Research project In this 3-year project via the work packages with three qualitative case studies of housing projects we aim to answer the following questions: How are business models for mobility hubs collaboratively developed and implemented in new residential areas? Why is this done in these ways? And what are the effects of the implemented business models?

How to design cities where citizens do not need to own cars has become key for the planning of new residential areas in Sweden. Car reduction needs to be compensated by alternative mobility services. To make this cost-efficient and convenient, residential planners are increasingly planning mobility hubs, physical facilities that combine services for sustainable mobility.

Head of project

Project overview

Project period:

2022-01-01 2024-12-31

Funding

999 437 SEK per year; Formas; Maria Bengtsson

Participating departments and units at Umeå University

Umeå School of Business, Economics and Statistics

Research area

Business administration

Project description

Mobility hubs have complex business models, as they house a range of new services, involving multiple providers, demand behavioural changes and can be costly to build. Our intention in this project is to better explain opportunities and barriers with mobility hubs, so that policy makers, developers and entrepreneurs can anticipate and mitigate them, but also to point out how car reduction can be done in an inclusive way.

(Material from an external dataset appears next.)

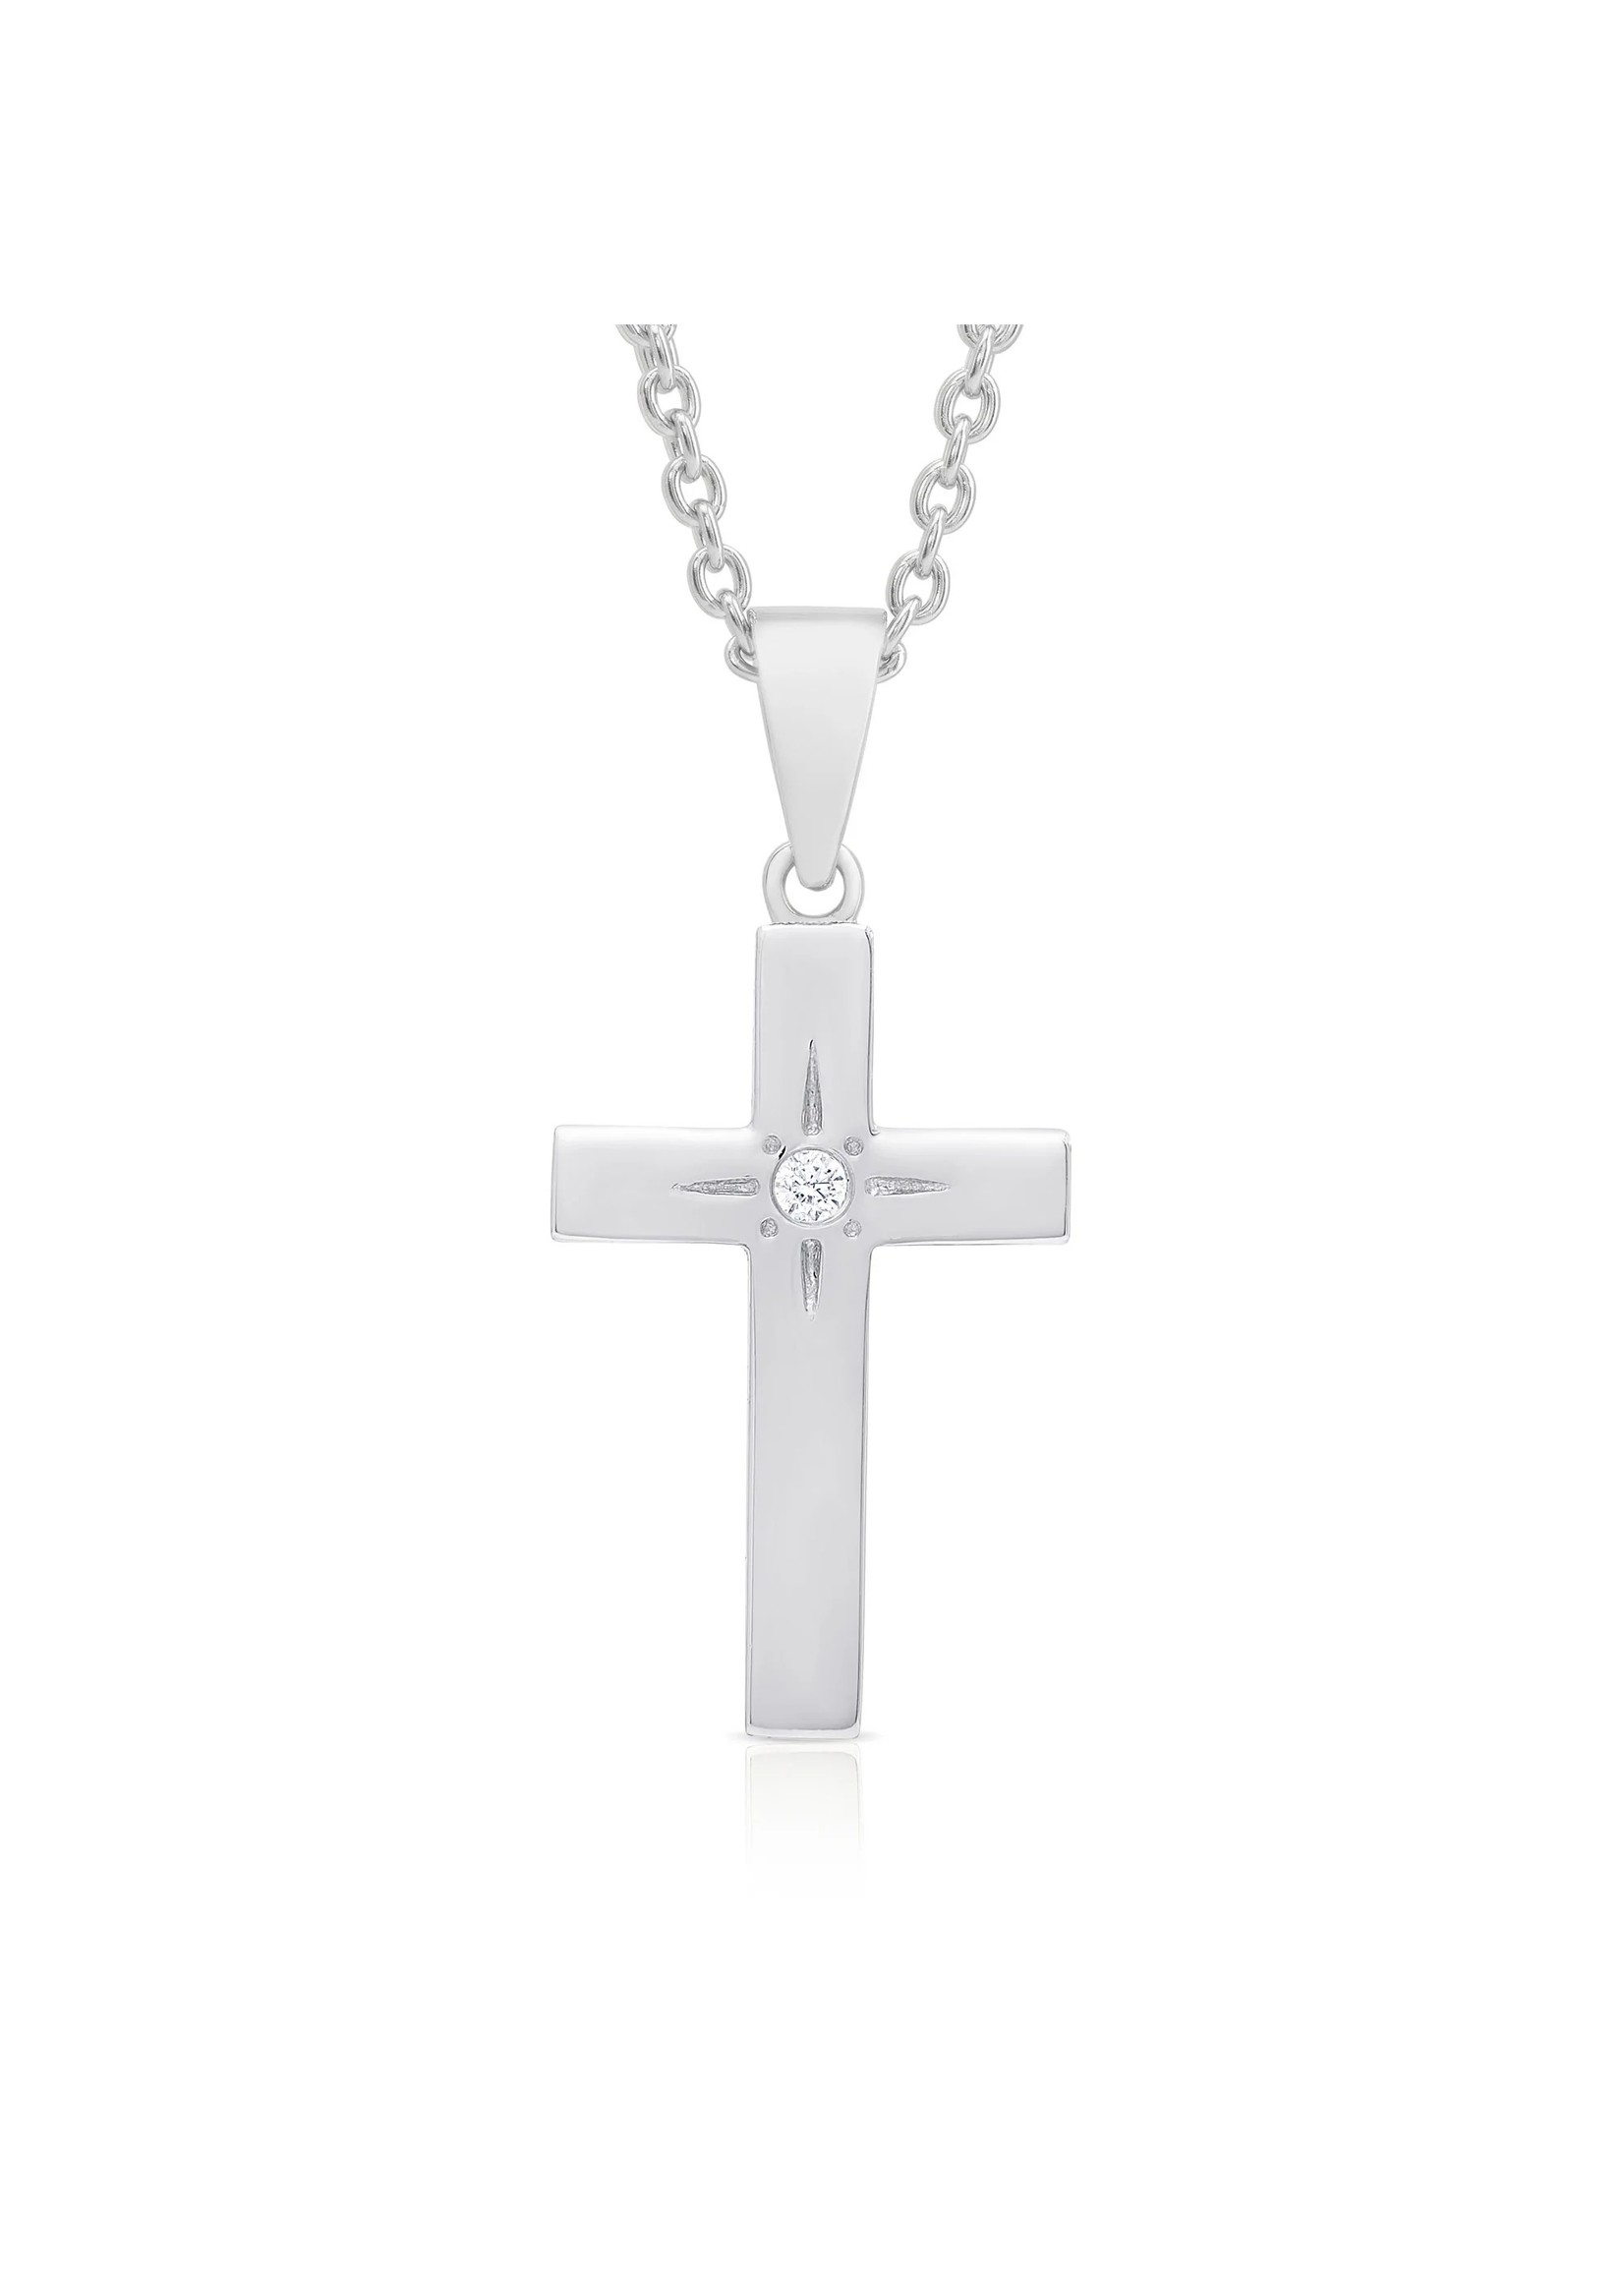 Lily Nily Silver Cross Necklace

Car reduction has many benefits: less CO2 emissions and air pollution, less congestion, more available land and space for people. Nevertheless, until recently car reduction has been difficult for city planners and politicians to promote. For its success residents need access not just to public transport but also to mobility services, (e.g., vehicle sharing and mobility-as-a-service subscriptions (MaaS)) and less parking. Therefore residential planners are increasingly planning mobility hubs, physical facilities that combine car-reducing services, mobility services and sometimes traditional parking. Mobility hubs enable inter-modal travel, reduce car needs but also travel needs. By going beyond parking they challenge planning practices with its traditional roles meaning that interaction and coordination with developers, service providers and users are necessary for hubs to succeed.

Mobility hubs are complex: they house a range of new mobility services, involving multiple service providers, demand behavioral changes from residents, and can be costly to build. What services they are to contain, how their costs and revenues are to be shared, and who should own, manage and operate them, are questions that Swedish planners are increasingly grappling with. These are matters that pertain to mobility hubs’ business models, where business models refer to the activity systems that enable value creation and capture for involved stakeholders so that operations are sustained. For hubs to work, it is not merely a matter of planners deciding on business model design, as these business models need to be accepted by developers, service providers and not least residents. This points to an important collaborative dimension in the development and implementation of these business models.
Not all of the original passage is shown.